Child Physical Activity was monitored using ActiGraph accelerometers (Model GT3X+), an accelerometer validated and calibrated for use among preschool children [45,46]. Caregivers also completed an Activity Checklist on which they reported whether their child engaged in a list of various sedentary activities, as well as reported the numbers of hours their child engaged in these sedentary activities including screen time.

Child Sleep was measured by caregiver-report of child sleep and wake times over 7 days/nights and was used to calculate average nightly hours of sleep for children on both weekdays and weekends.

2.8.2. Obesogenic environment

Assessment of Home Food Environment is a measure developed in our pilot studies and was used to assess the availability of fruits and vegetables, high fat foods and beverages in the home and presence of TVs and other screens in the child’s bedroom [47]. A trained observer blinded to the families’ treatment assignment conducted all assessments of the home food environment and a second independent observer coded 25% of randomly selected homes for reliability purposes.

Caregiver Eating is a component of the obesogenic environment via caregiver modeling of food choices. Caregiver food intake was assessed via the Block Food Frequency Questionnaire which is a self or interview administered questionnaire about 110 commonly eaten foods. In the current study the questionnaire was self-administered via computer. Nutrients included for this study were estimated daily caloric intake, % fat, and servings of fruits and vegetables.

Caregiver Activity is also a component of the obesogenic environment and was assessed using the Paffenbarger Activity Questionnaire. This self-report questionnaire has been validated [48] and was used in the NATIONAL Weight Control Registry to estimate activity of ~3600 participants. It yields an estimate of calories expended per week in overall leisure time activity and in activities of light (5 kcals/min), medium (7.5 kcals/min), and high (10 kcals/min) intensity [48].

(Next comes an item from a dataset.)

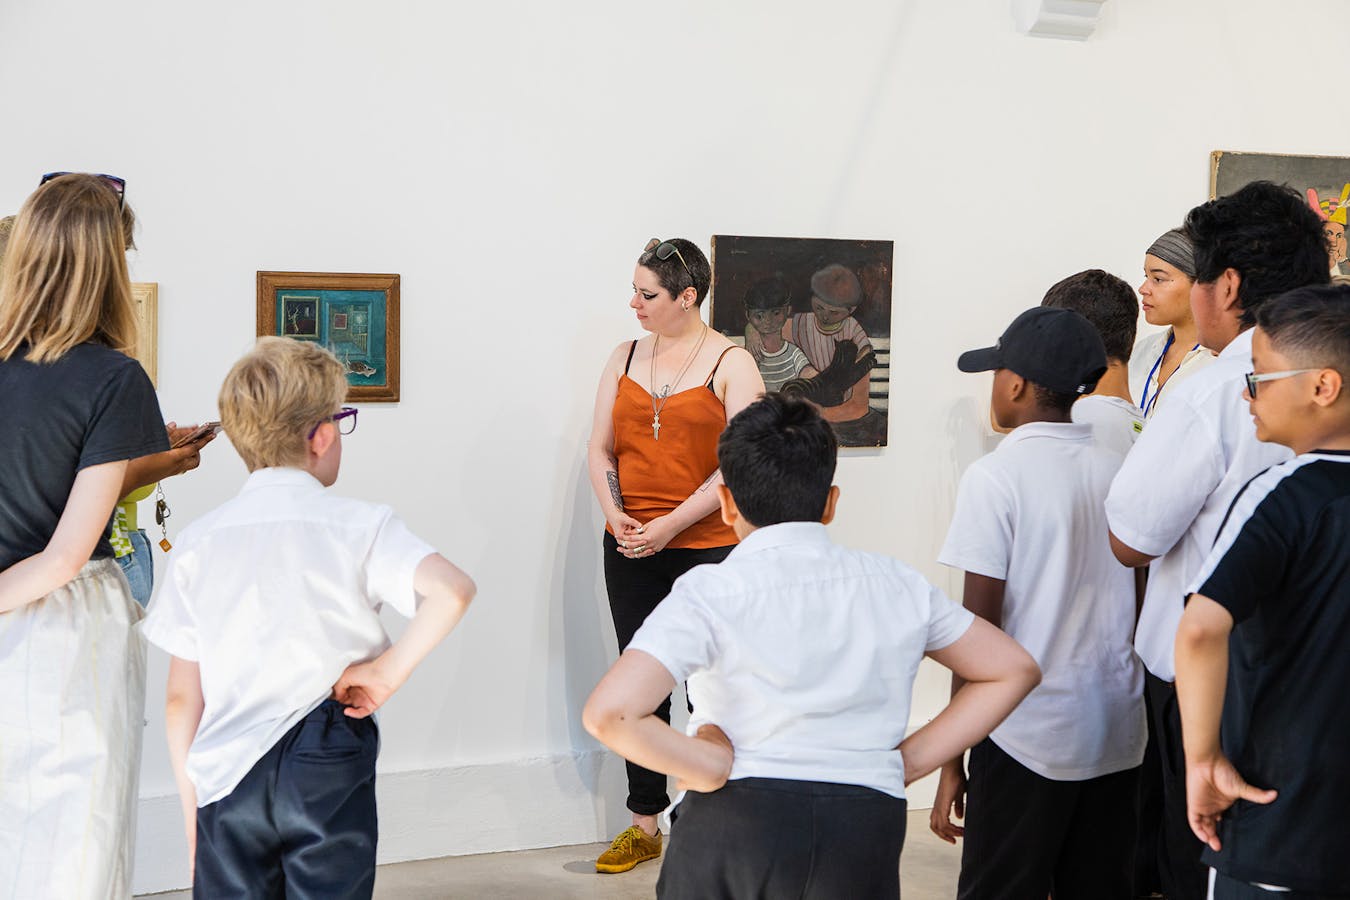 a group of school children gather round a painting in a gallery, as part of a guided tour
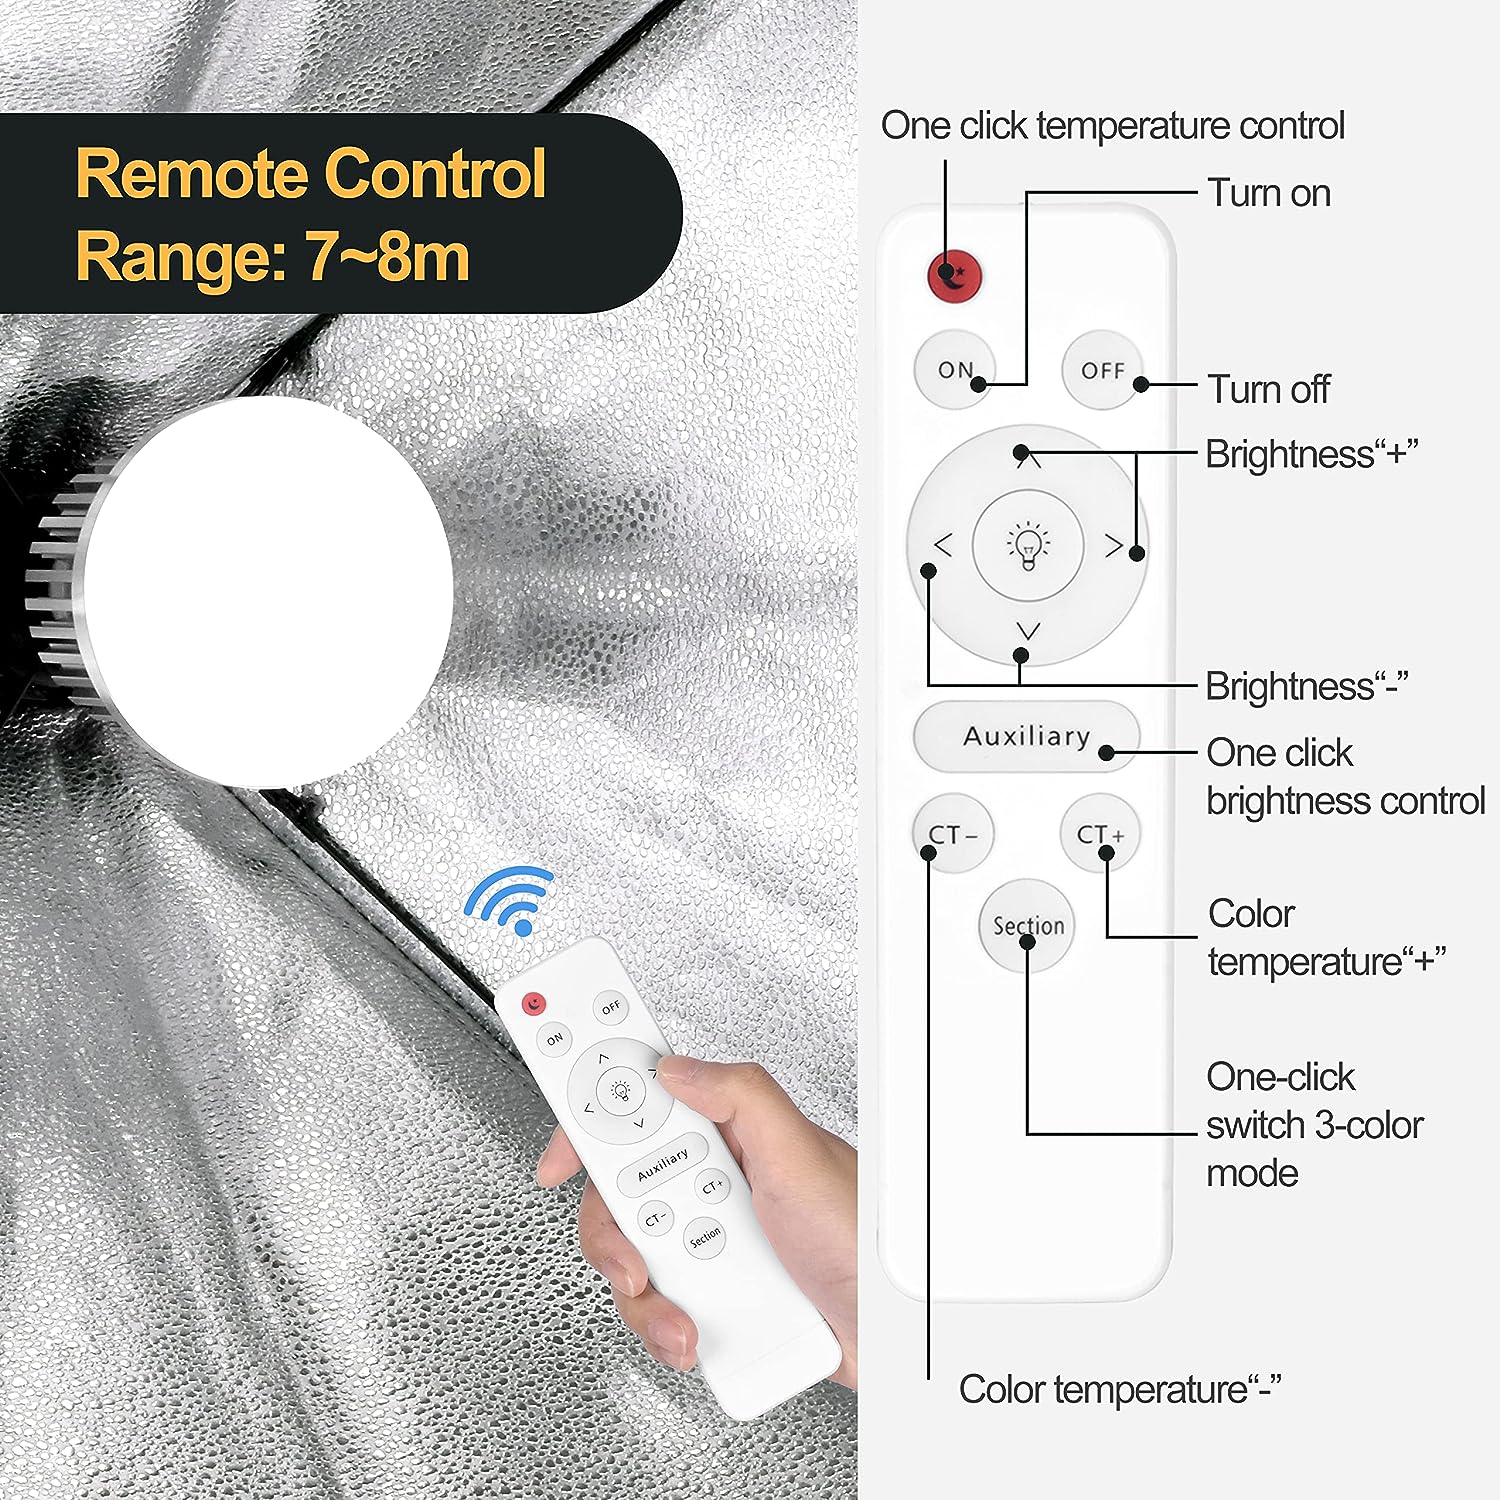 Remote control for light bulb or fan

2.8.3. Parenting and child eating behaviors

Parenting and Child Eating Behaviors were evaluated in order to assess any unintended negative consequences of treatment on the parent-child feeding interaction [49], as parenting, feeding and child eating behaviors have been implicated in pediatric obesity [50]. The following behaviors were assessed: Parenting Styles and Dimensions: [51, 52], attitudes towards eating and beliefs (using the About Your Child’s Eating – Revised; [53,54]), adherence to daily routines in the home (using the Child Routines Questionnaire-Preschool: [55]), and concerns about children’s eating (using Child Feeding Questionnaire: [56]. In addition, Pediatric Quality of Life was assessed using the PedsQL Generic Core Scales [57] parent proxy report as overweight children have been found to have poorer health-related quality of life when compared to non-overweight children [58,59].

2.9. Demographics

Caregivers completed a questionnaire at the baseline assessment regarding family demographics, including ethnicity, marital status, highest level of education attained by parents, household income, number and age of children, and family history of obesity co-morbidities (Family Health Questionnaire).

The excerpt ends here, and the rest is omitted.